Designs for the new Killip Elementary School are on their way toward finalization, with construction plans next on the list of tasks needed to prepare for a groundbreaking in March.
Flagstaff Unified School District hired design firm DLR Group in May to design the new Killip School, a roughly $19 million project funded primarily by the district’s 2018 bond measure and scheduled for completion by fall 2022.
This summer, DLR Group gathered public comments including through a virtual community meeting to help guide the design process.
CORE Construction, which has been involved locally in the creation of many of the newer buildings on the Northern Arizona University campus, has been selected to build the new elementary school.
The goal is to have all plans for the project finalized by early February in preparation for the start of construction in March.
During a special session with the FUSD Governing Board Tuesday afternoon, DLR Group presented its latest designs for the new school, which emphasize shared, collaborative spaces for students and community members.
The new building, which designers likened to the exterior style of the Flagstaff Aquaplex, will be constructed on the eastern side of the property -- where the school field is currently located -- to allow for construction to happen while school is in session. A portion of Killip’s current western wall will be saved and topped with fencing to become a boundary for a new baseball field.
“One of the things that’s really interesting about architecture is that it’s really rooted in a place as well as the people, and so we thought it was important to address two things: the neighborhood, from a social aspect, and the innate human naturalness, too, that we want to feel close to nature,” said DLR Group’s David Schmidt, architect for K-12 projects, who explained the new building has been oriented to provide ideal views of Mount Elden and Humphreys Peak.
The design calls for the creation of a new parking lot and walkway from the intersection of Third Street and Sixth Avenue to the school’s entry plaza, where community events can take place. A neighborhood trail will also be created on the north end of the property, outside the school fence, to connect First Street and Third Street. When school is not in session, a gate will provide community access to the school’s baseball and soccer fields through an adjacent “neighborhood civic space.”
The building is one story, but has two levels — which will be separated by four steps and a ramp — to account for the slope of the property, which Schmidt said equates to about a 20-foot difference between the north and south sides of the future building. He said creating these two levels will reduce expenses of leveling the site, provide some protection for the upper level of the building in case of runoff from the mountain and also allows for the easy creation of a stage within the school.
Schmidt described the building’s layout as a pinwheel, with the cafeteria and commons as the anchors around which the classrooms, administrative offices and athletic spaces are located.
Each grade will have three classrooms that are broken into four areas by color scheme and other design elements. Interior designer Sarah Brandstein described this conceptually as breaking the school into different lands, as would be seen on a map for a fantasy world.

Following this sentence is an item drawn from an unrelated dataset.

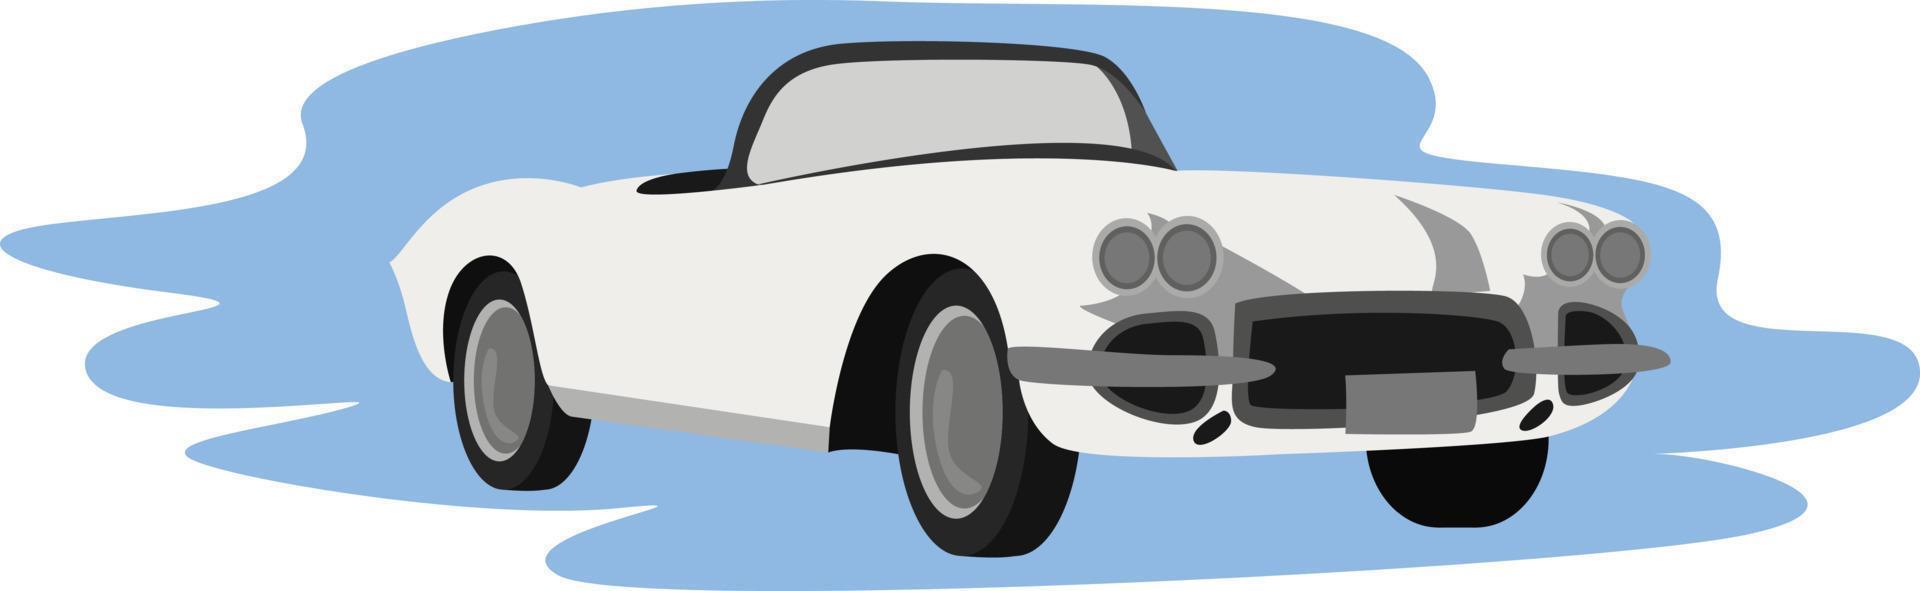 coche retro blanco, ilustración, vector sobre fondo blanco
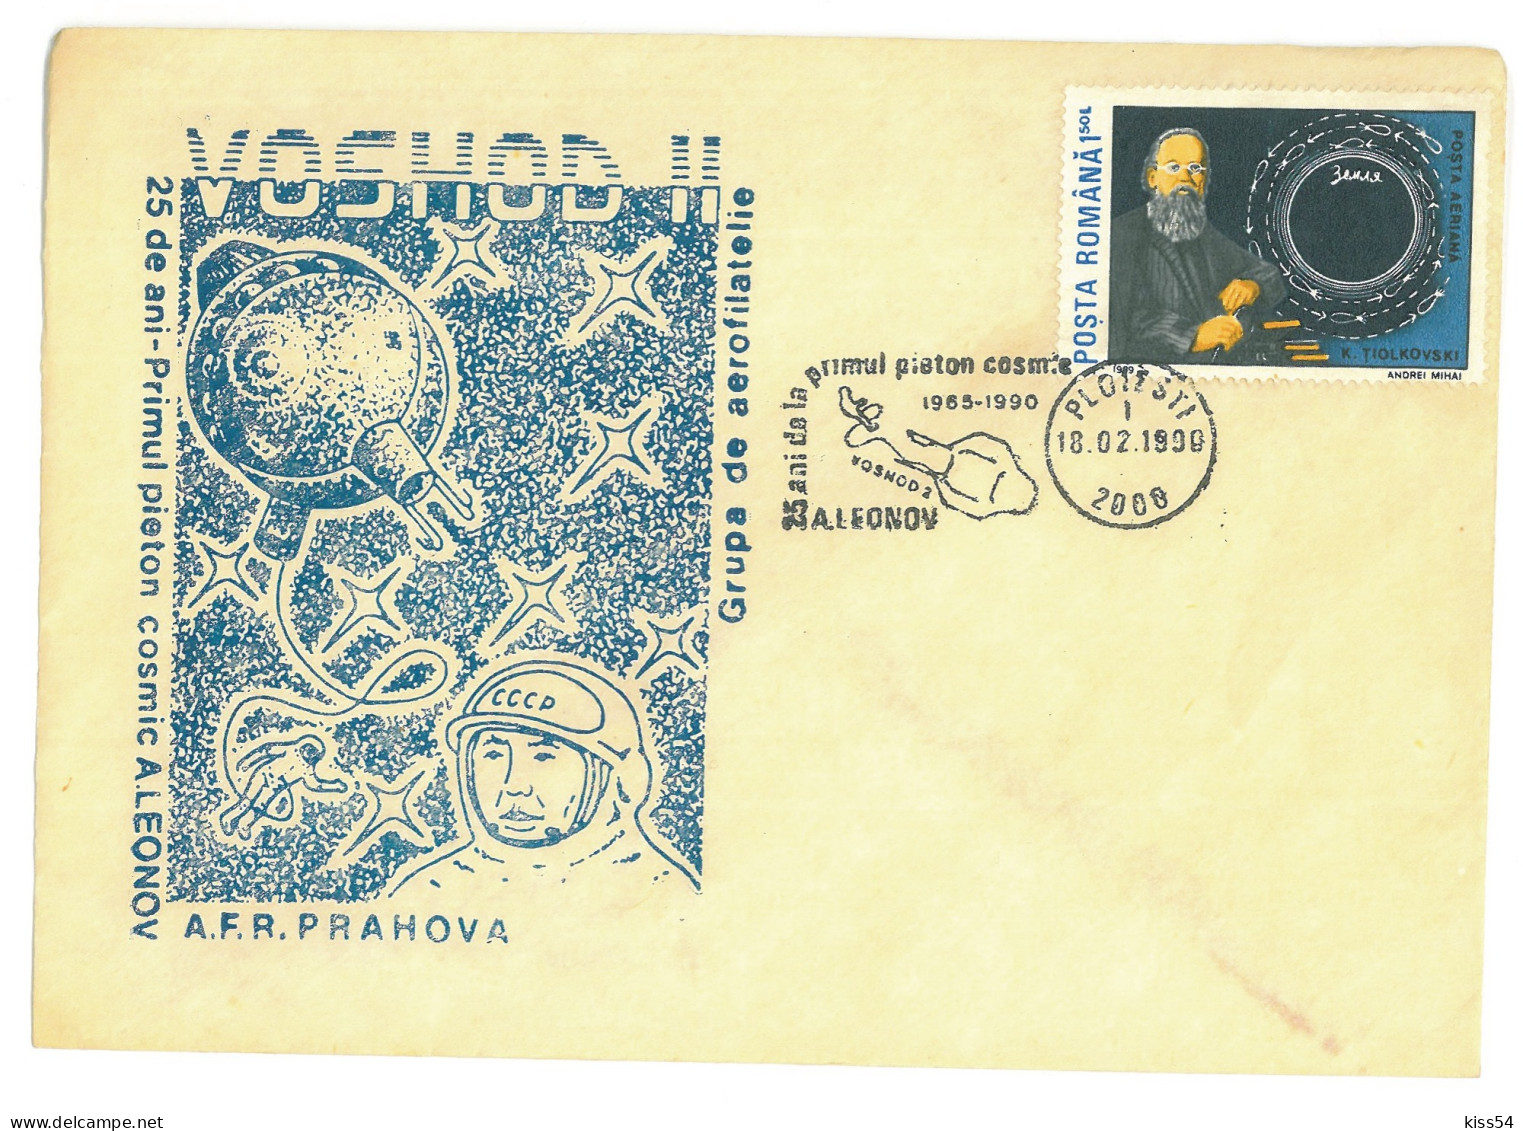 COV 97 - 3069 Ploiesti, Cosmos, VOSHOD II, Romania - Cover Stationery - Used - 1990 - Cartes-maximum (CM)

“We wanted to create spaces that tie into the imagination that really let the children create meanings of their own while also creating different lands within the school -- which will help with wayfinding and understanding where you are in the building,” Brandstein said during the presentation Tuesday.
Preschool and kindergarten are together on the eastern side of the building, in an area that has its own entrance, while first through third grade is located at the north end, and fourth and fifth grade are at the west end.
This layout leaves room for collaborative “maker spaces” and small group meeting rooms between classrooms, as well as what designers are calling the Creative Commons, a sort of blend between maker spaces and a traditional library that connects to the cafeteria.
Brandstein said classrooms will have windows looking out into the maker space, but they will be covered with glazing film and located above eye level when students are seated to prevent distraction. Entrances to each of the three classrooms per grade will meet at a center point that allows one person to be able to see into all three classrooms in the event that one teacher needs to step away for a minute.
“The great thing about this configuration is that it allows for a lot of visibility not only to the maker space but also between the classrooms. … It really allows for great teamwork between these groups of three,” Brandstein said.
DLR Group is also aiming to recreate some of the existing spaces at Killip in the new school area, including its pond and garden. Designers will be working with the community and school groups that use these spaces to determine how much involvement they will have in the reconstruction alongside CORE.
Additional community involvement is also anticipated for the school playground, as well as art and other graphics that will be displayed throughout the school when its construction is complete.
“We think it’s something the entire district community and Flagstaff community will be proud of when we get to the end,” FUSD Superintendent Michael Penca said.